I used the link, selected a quantity, went to Pay Pal, paid, came back.  The GP didn't show up.

Is this not an automated process or does someone have to manually approve them?

Also, this might be a good topic for the GP FAQ...


----------



## TreChriron (Oct 23, 2014)

Hi. I really want my gold pieces. Please approve my purchase. I still love you and you're pretty.

Sincerely,


----------



## Morrus (Oct 23, 2014)

It's completely automated; there shouldn't be a delay on it.  Is there any chance your PayPal payment needs time to clear?


----------



## TreChriron (Oct 23, 2014)

I have an email confirmation from Pay Pal, and it shows a deduction in my paypal account. Can I email you the confirmation?


----------



## TreChriron (Oct 23, 2014)

Also, I'm not showing any transactions on my user account for GP. I just earned one yesterday, but nothing in the list (My Account).


----------



## TreChriron (Oct 24, 2014)

:-(


----------



## Morrus (Oct 24, 2014)

Sure!  Shoot the PayPal receipt over to me at morrus@hotmail.com and I'll take a look.  It's Friday evening nearly here, though, so I can't promise I'll be able to do much tonight!


----------



## TreChriron (Oct 27, 2014)

Any news?
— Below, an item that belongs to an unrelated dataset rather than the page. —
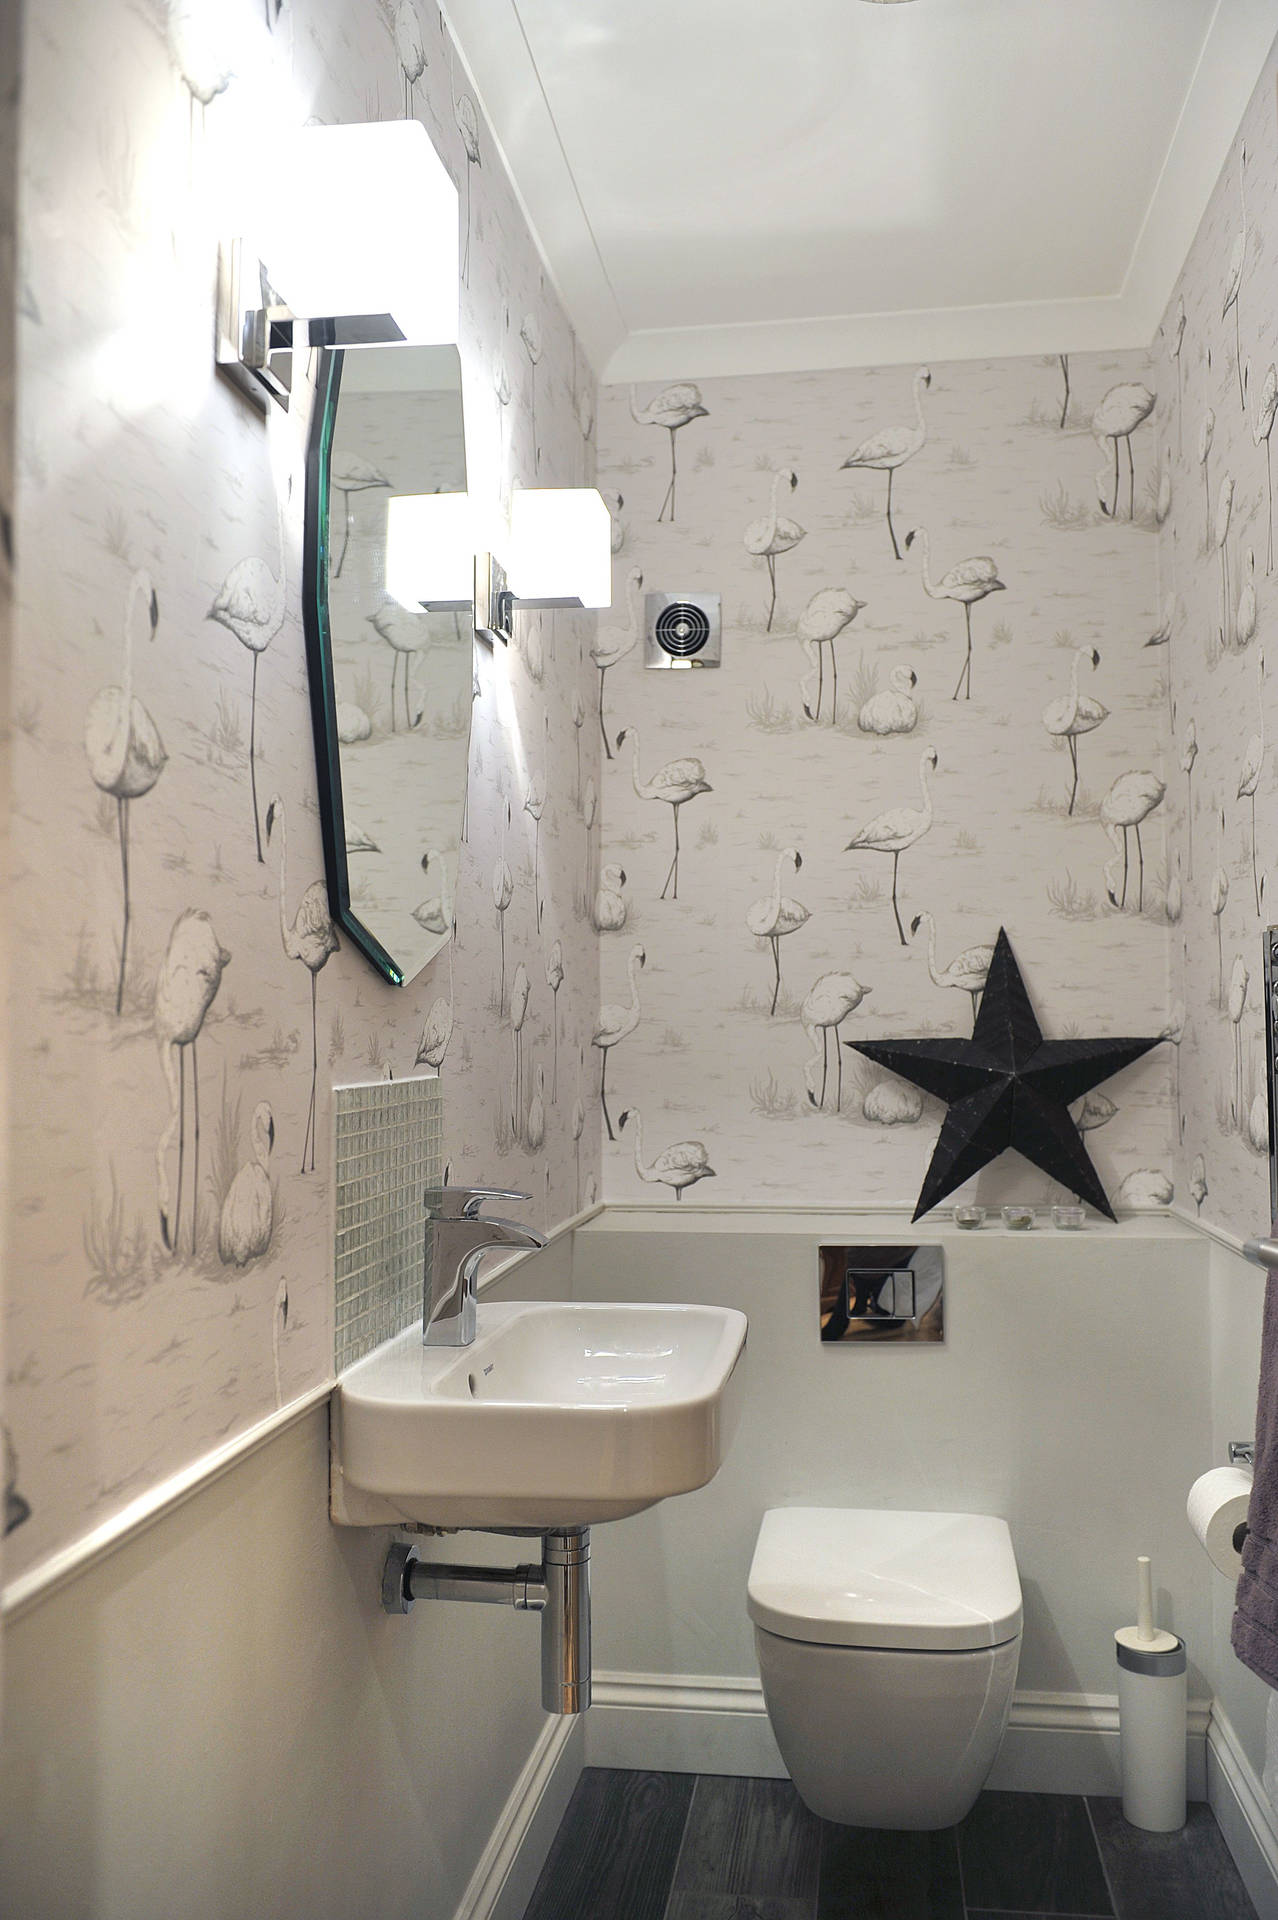 Toilet Flamingo Black&White Wallpaper

Did you receive the copy of the email?


----------



## Morrus (Oct 27, 2014)

I've not gotten an email from you, no.  What email address should I expect it from?


----------



## TreChriron (Oct 27, 2014)

trechriron10 with the at symbol yahoo plus the dot com thing. I just sent another from this address.


----------



## TreChriron (Oct 28, 2014)

It's my Birthday!! *blows out candles* *wishes for the 50 gold he purchased*

The End.


----------



## Morrus (Oct 29, 2014)

Ah, found it.  Hotmail junked it! Shame it doesn't junk the *actual* junk mail...

$10 for 50gp, right?  Adding it now!


----------



## TreChriron (Oct 29, 2014)

You sir are a scholar and a gentleman!


----------